79: BADFINGER
Come And Get It/ Rock Of All Ages
(Apple, 1969)

THERE can be few stories in the history of rock which are as desperately sad as that of Badfinger.

The fact that two members of the band - Pete Ham and Tom Evans - committed suicide casts a terrible pall over a career which should really be remembered for the quality of Badfinger's music, not the nightmare of litigation and recrimination which ultimately affected them in that most dreadful way.

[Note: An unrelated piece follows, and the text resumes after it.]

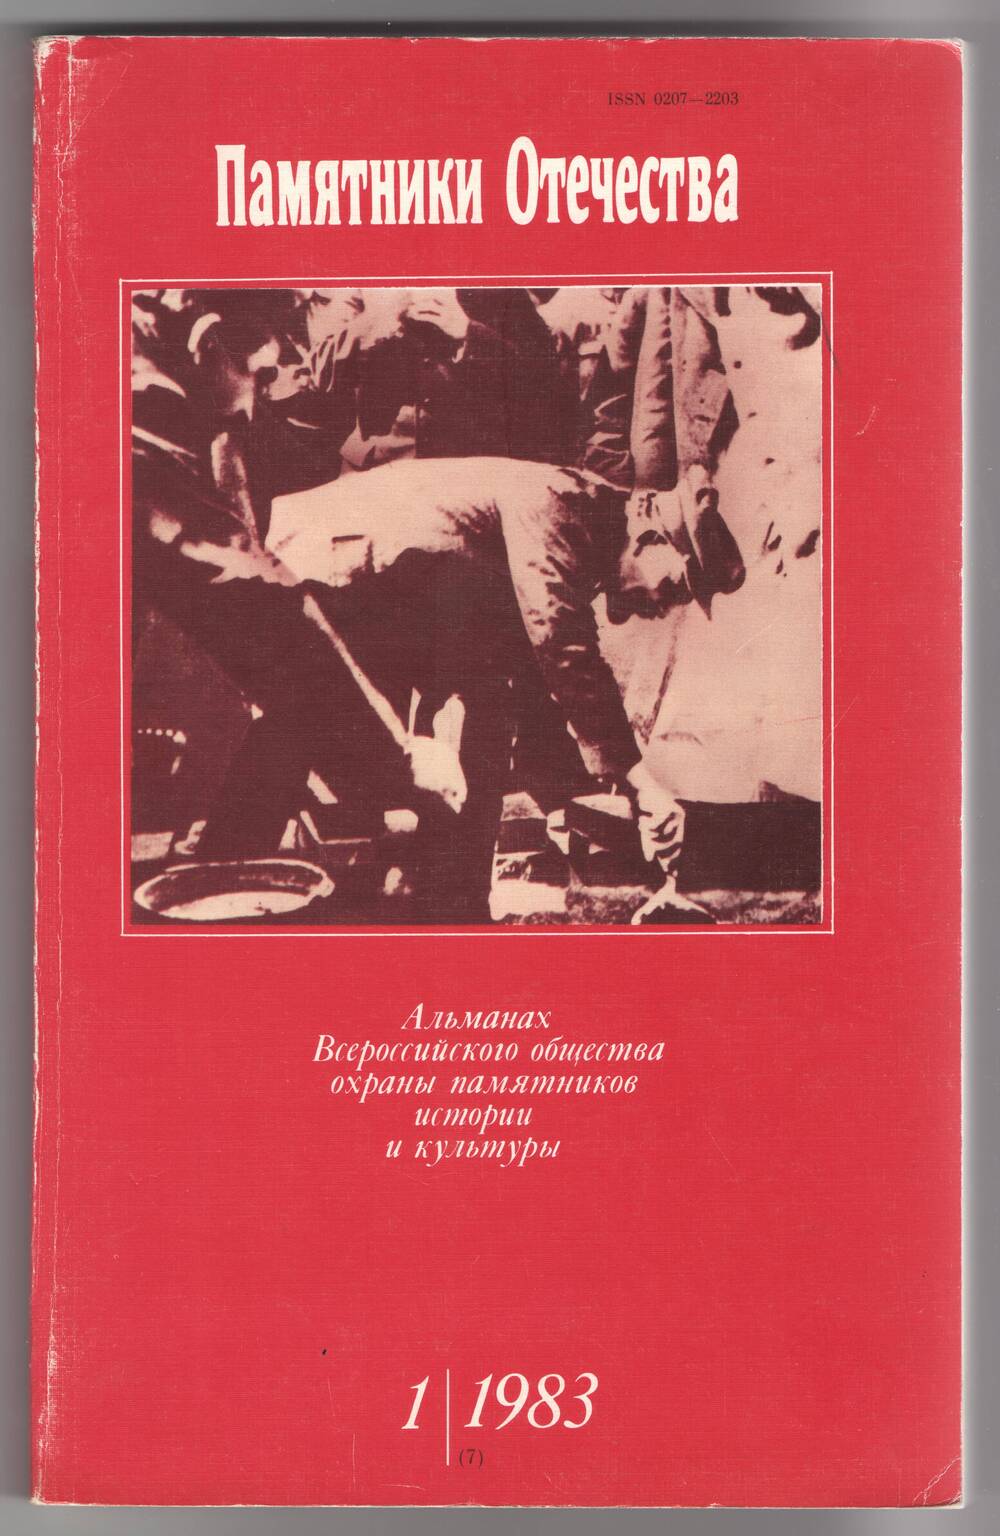 Журнал. Альманах «Памятники Отечества» №1,(7) 1983 г.

Back in 1969, however, it was all looking rosy for the band who began in Swansea as The Iveys. When The Beatles set up Apple Records in 1968, The Iveys were the first band to be signed to the label, and following the release of their debut album Maybe Tomorrow Beatle confidante Neil Aspinall suggested the name change to Badfinger as a means of updating their image.

Furthermore, Paul McCartney offered them a song - Come And Get It - which he had just written and demoed, playing all the instruments himself, in Abbey Road during the sessions for the White Album.

The story goes that McCartney advised them to copy it exactly as it was presented on the demo, and then they would have a sure-fire hit. Certainly, when the demo came to light on the Beatles' Anthology series it was apparent that McCartney had all the bases covered straight from the off - great drum track also, by the way.

(John Lennon, when asked if he thought Ringo was the best drummer in the world, memorably remarked: "he's not even the best drummer in the band.") What Badfinger brought to it, apart from an airy high harmony part, was an infectious joie de vivre which nicely offset the song's jaded cynicism, written as it was for the soundtrack of the film The Magic Christian and its underlying message that everyone can be bought.

The film in question was topped and tailed with Come And Get It and Thunderclap Newman's Something In The Air: just for a moment, it felt as though the revolution really had arrived.